Author Jamaica Kincaid answers Trump at Key West High School appearance
Author Jamaica Kincaid minced no words Friday when introducing herself to a group of Key West High School students, the morning after she opened the Key West Literary Seminar which this year has the theme “Writers of the Caribbean.”
“I'm a person from a shitty country,” said Kincaid, who was born Elaine Potter Richardson in Antigua, in response to reports that President Donald Trump used the word shit hole to describe Haiti and other poor countries.
“Sometimes extraordinary things happen to people from shitty countries,” she later said. “Not just Norway.”
Kincaid, 68, who has written for The New Yorker and authored a list of short stories, novels and essays, repeated the word throughout her appearance at Key West High, where about 100 students gathered to hear her discuss her work and her life.
Words are always important, Kincaid suggested as she chose hers carefully, defining “conservative” as meaning racist in the United States, and she chose “prudish” to describe her childhood when asked by a student if she grew up in a conservative family.
Everything is political, said Kincaid, who was raised in a country then under British rule. She had a photo of the Queen Elizabeth II and her husband Price Philip on her school notebook.

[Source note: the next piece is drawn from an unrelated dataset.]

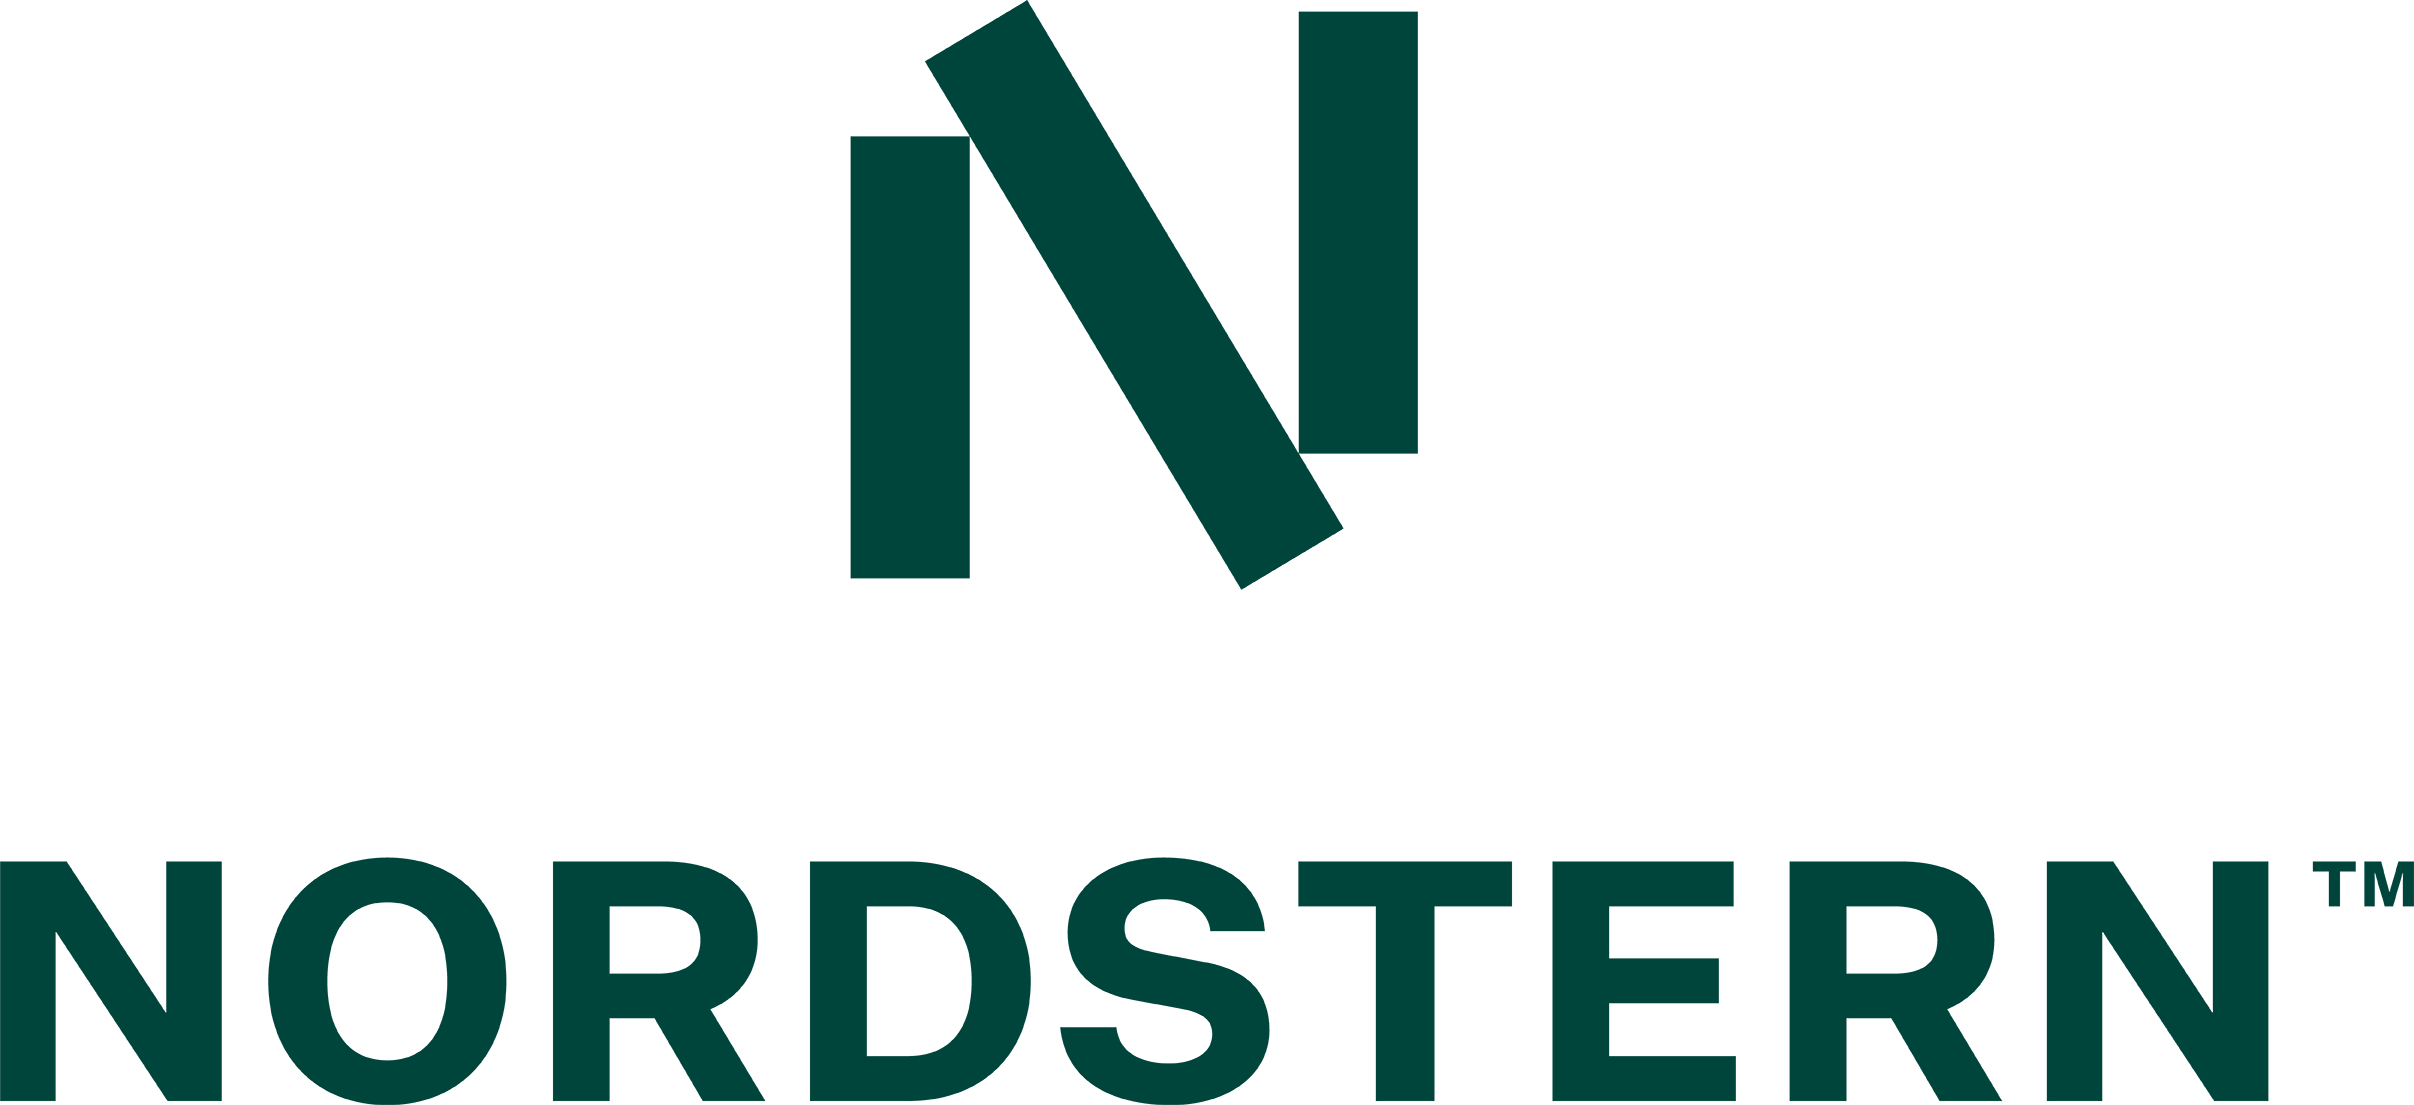 Nordstern_Lock-up_Vertikal_Green_RGB

“Everything about us was politicized,” she said. “That was the first thing we saw when we took out our notebooks. I had to know the monarchs of England. Why do I know the Battle of Hastings living in a little island somewhere?”
Kincaid said, “Getting out of bed is a political statement.”
Kincaid grew up wanting to be Charlotte Bronte and at 17 was sent to the U.S. by her mother to work as an au pair. She could read by the time she was 3 and her mother sent her to school two years early. Becoming a writer was like a fairytale fantasy, she has said.
“Everything that happens is important,” she said, describing a childhood memory in which her classmates threw her into a toilet, drawing giggles from the students. “I learned something from that. I don’t remember what I learned.”
Kincaid, humble and soft-spoken, admitted she was wearing her pajama bottoms and at one point asked the students if she was talking about things they were interested in.
“I’m speaking to you as adults,” she said.